Pollard and colleagues should be commended on their efforts to investigate a new treatment approach for Fanconi anemia (FA), an inherited bone marrow failure syndrome with limited treatment options, using the readily available oral biguanide metformin. Although allogeneic hematopoietic stem cell transplantation remains a cornerstone therapy for FA, treatments aimed at improving the underlying deficiencies in hematopoiesis, associated endocrinopathies, and preventing secondary malignancies remain an area of need.
In this single-institution, open-label, investigator-initiated pilot study, 14 patients underwent a planned 6-month treatment with metformin (maximum dose, 1000–2000 mg daily, dependent on the participant's age).
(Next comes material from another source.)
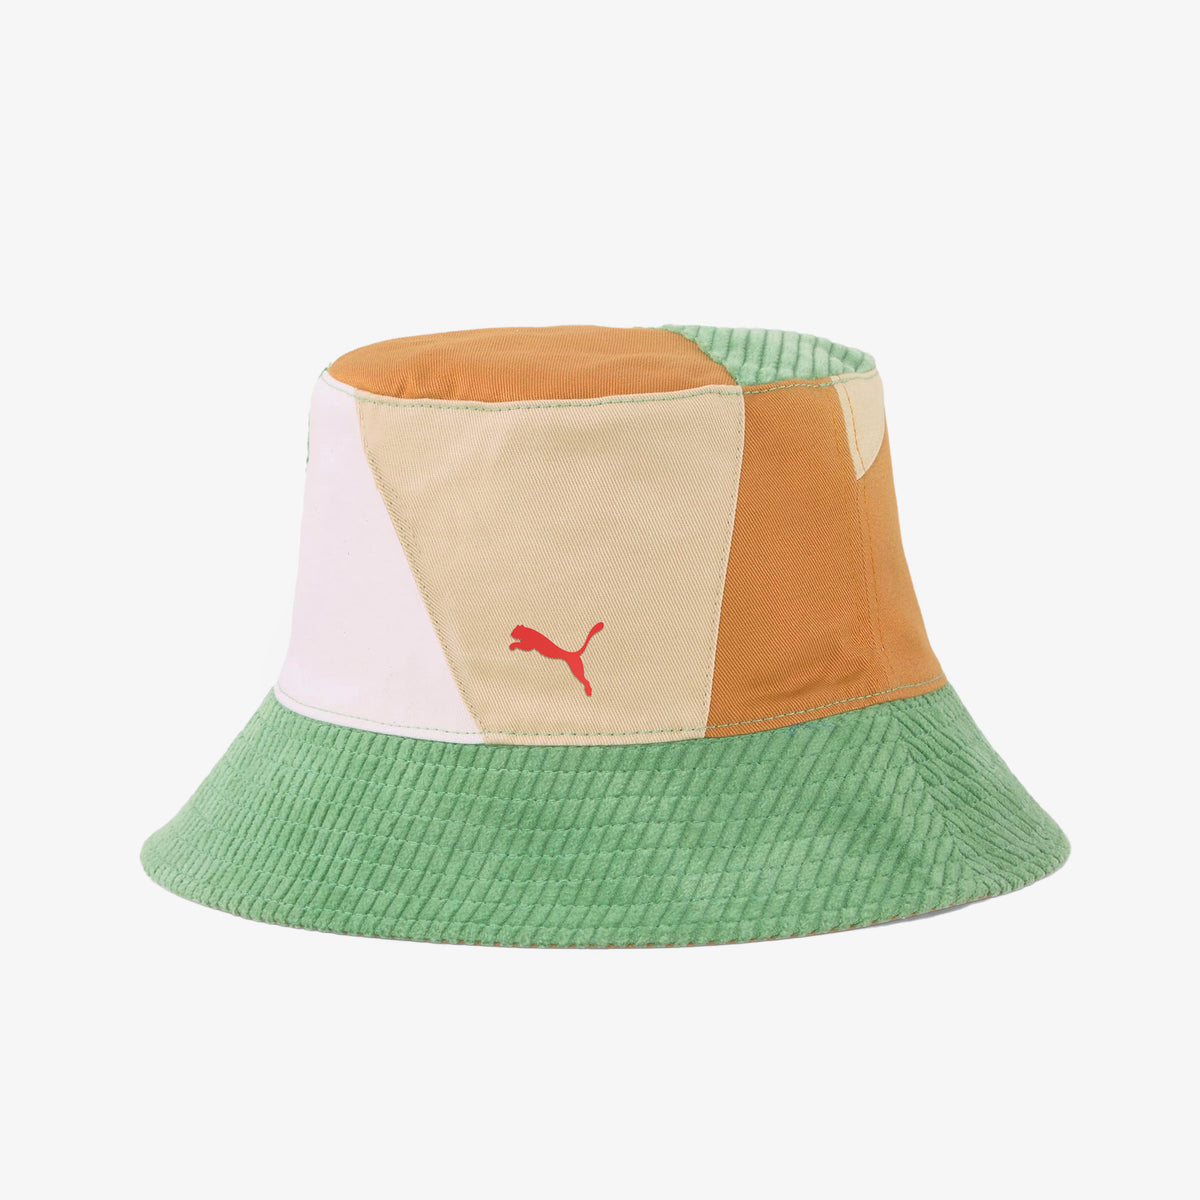 Childhood Dreams Bucket Hat - Light Sand

The study population was predominantly pediatric or consisted of adolescent to young adult patients (median age, 9.4 years); all patients had an absolute neutrophil count greater than 500 cells per mL.
Treatment with metformin was well-tolerated. No grade 3 or 4 adverse events occurred, and 86% of patients (n = 12) completed the planned 6 months of therapy. Encouragingly, treatment resulted in a hematologic response (defined as the per modified MDS IWG criteria) in 30.8% of the patients (n = 4) after a median period of 84.5 days. Responses were observed across several cell lineages (even in the sole RBC transfusion–dependent patient at the time of study enrollment) and were durable. No patient lost response or experienced relapse. Only 3 patients had evidence of mild insulin resistance at baseline, of whom 2 demonstrated improvement in their insulin resistance parameters following metformin therapy.
Although limited by a small sample size, the authors further sought to characterize the biological impact of metformin in FA. No change in the bone marrow cellularity was observed following metformin treatment. Increased myeloid and erythroid colony–forming cell numbers were observed in a minority of patients (2 of 4 non-responding patients); chromosomal breakage, albeit not statistically significant, was decreased in treated patients exposed to mitomycin C and diepoxybutane. Biological pathway analysis revealed downregulation of the inflammatory and cytokine/cytokine receptor pathways in addition to type 1 diabetes mellitus pathways. Clonal evolution while on therapy was uncommon. Only 1 patient had dynamic clonal changes identified by cytogenetic analysis during the study period (potentially as a consequence of the relatively short study duration).
These results reported by Pollard et al are noteworthy. Future investigative efforts, including a larger population of patients with FA, are welcomed to confirm these preliminary findings, identify biomarkers predictive of metformin response (the current sample size precluded any definitive correlative analyses), and assess responses in patients with more severe FA. Furthermore, as the authors noted — a longer duration of metformin treatment and ongoing prospective follow-up may aid in assessing the impact of prolonged metformin use on hematopoiesis and associated secondary malignancies in the disease requiring additional treatment strategies.